Abstract: Fabric defect detection is an essential process in the textile industry for ensuring product quality.A algorithm for detecting lightweight fabric defects based on multiscale feature adaptive fusion is proposed to minimize small-target defect detection difficulties in fabric defect detection and the significant differences in the aspect ratios of different defects and high requirements for real-time performance.Based on the YOLOv4 network, lightweight network MobileNetv2 is used as the backbone network to effectively reduce the total number of model parameters and the cost of calculations to satisfy real-time requirements.In the inverse residual structure of MobileNetv2, a new attention mechanism is added.CoordAttention module, which embeds the spatially accurate position information necessary for detecting small-target defects into the channel attention, is used to enhance the ability of the network to focus on small-target features.Second, the Adaptive Spatial Feature Fusion(ASFF) network is used to improve Path Aggregation Network(PANet) to enable the model to obtain the fusion weights of multiscale feature maps through learning, fully utilize shallow and deep features, and further improve the detection accuracy of small-target defects.For different defect types and problems with significant aspect ratio differences and unbalanced categories, the K-means++ algorithm is used to determine the prior frame size, and the Focal Loss function is used to modify the model loss function to reduce the impact of the positive and negative sample imbalance on the detection result.The experimental results show that compared with YOLOv4, the mean Average Precision(mAP) of the proposed algorithm increases by 2.3 percentage points, and the detection speed increases by 12 frame/s.The proposed approach can be effectively applied to fabric defect detection.

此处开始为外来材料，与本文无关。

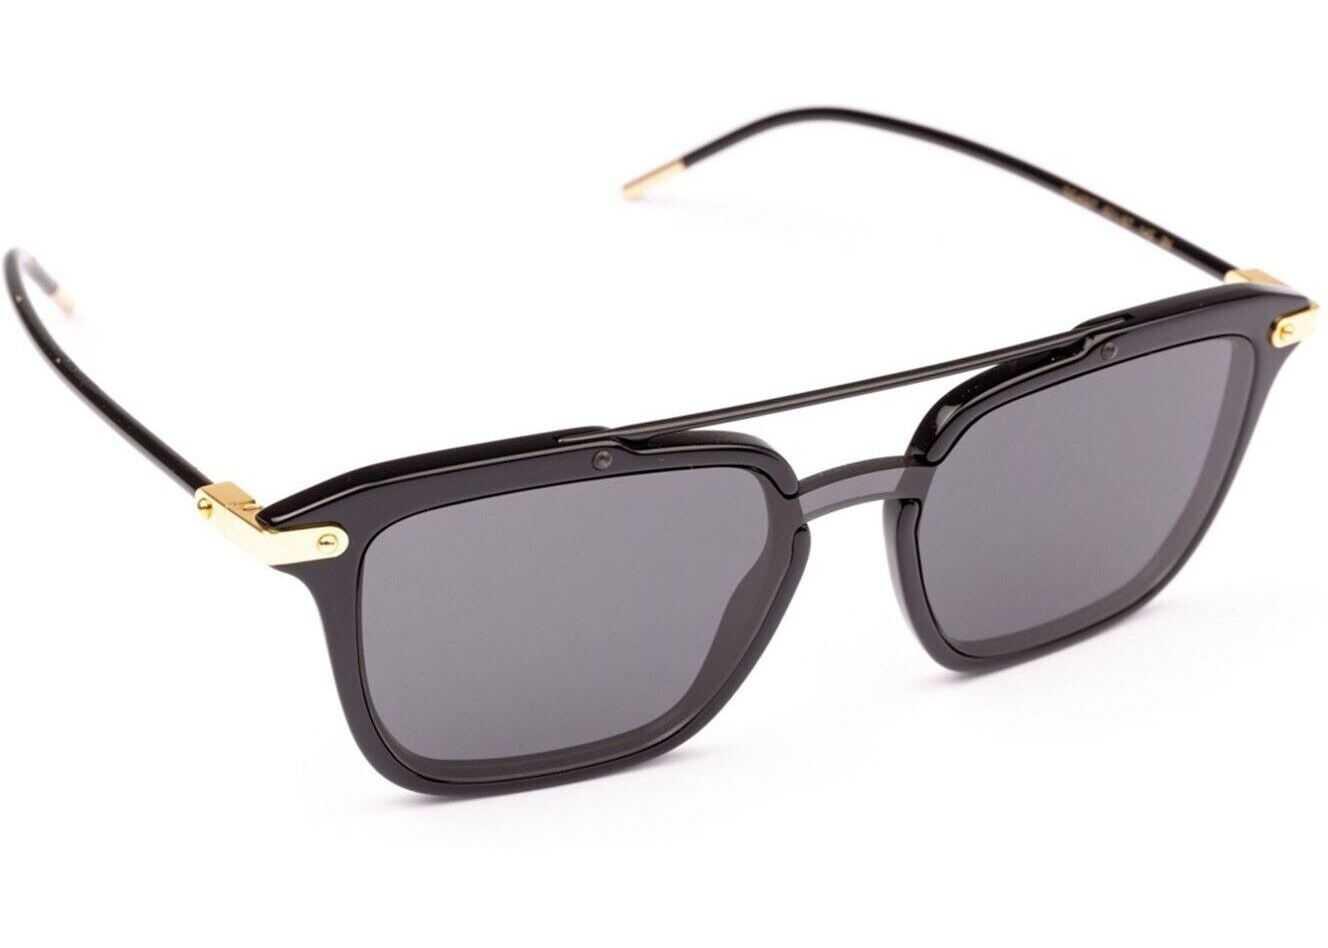 Dolce & Gabbana Double Bridge Black Square Sunglasses* Black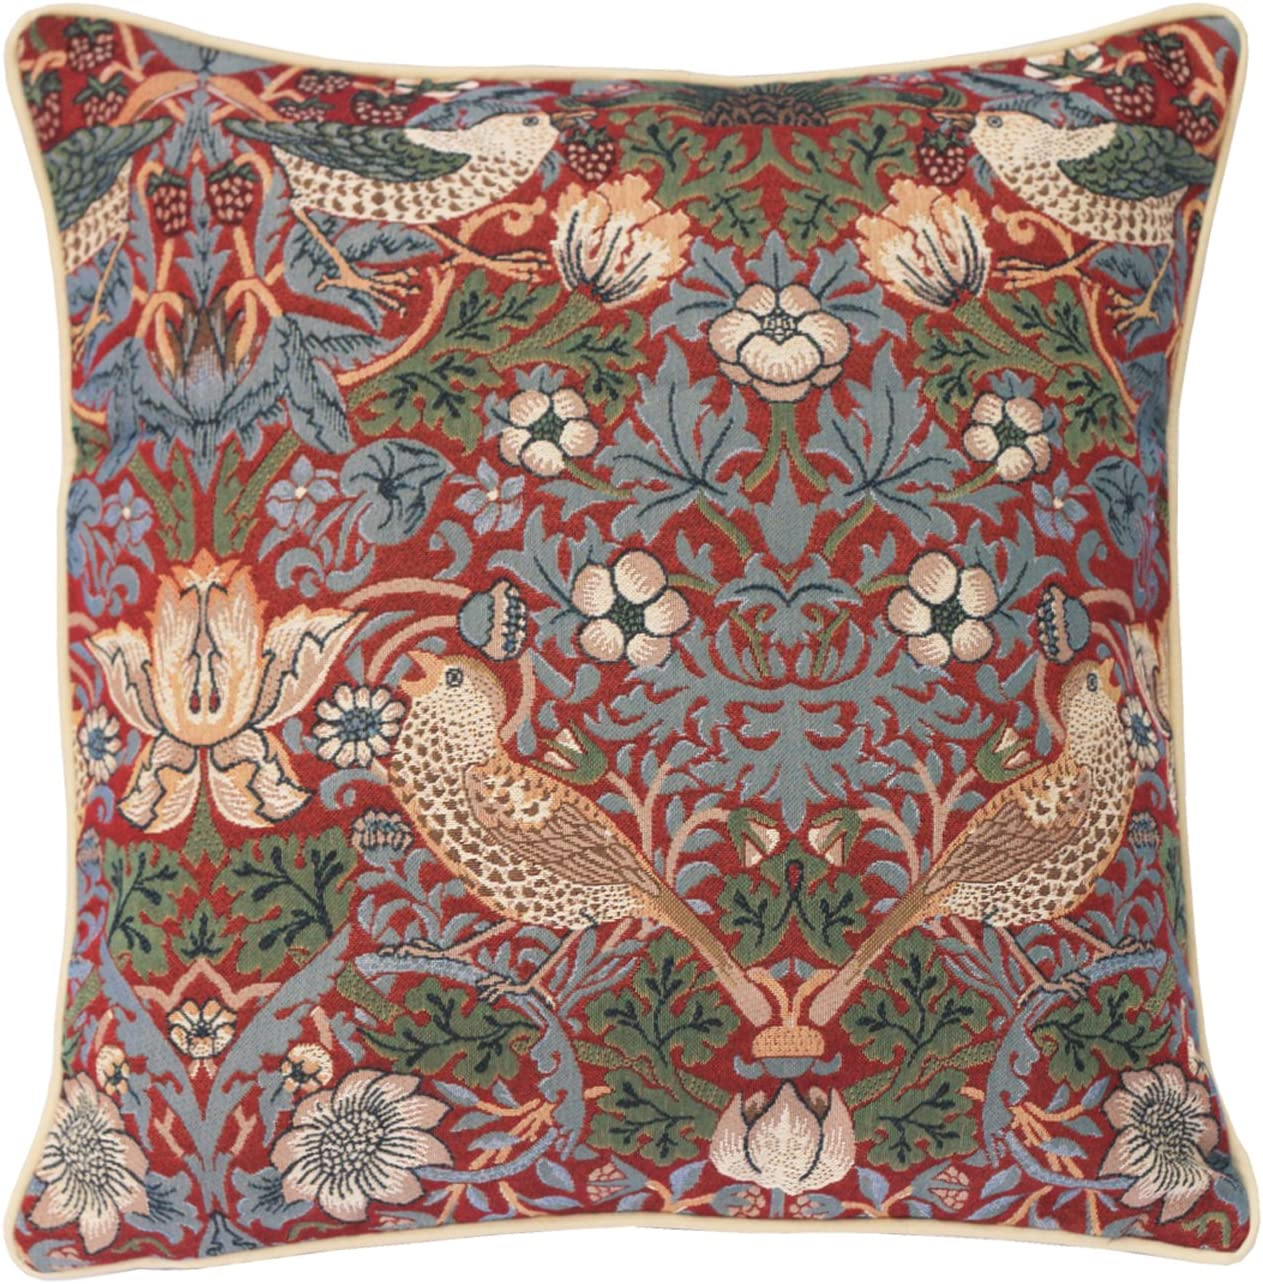 Amazon Com Signare Red Floral William Morris Cushion Cover Designer Decorative Sofa Couch Pillow 45x45 Cm Strawberry Thief Ccov Strd Home Kitchen

Key words: fabric defect detection, Adaptively Spatial Feature Fusion(ASFF), CoordAttention module, YOLOv4 network, MobileNetv2 network

中图分类号:

TP393

杨毅, 桑庆兵. 多尺度特征自适应融合的轻量化织物瑕疵检测[J]. 计算机工程, 2022, 48(12): 288-295.

YANG Yi, SANG Qingbing. Lightweight-Fabric Defect Detection Based on Adaptive Fusion of Multiscale Features[J]. Computer Engineering, 2022, 48(12): 288-295.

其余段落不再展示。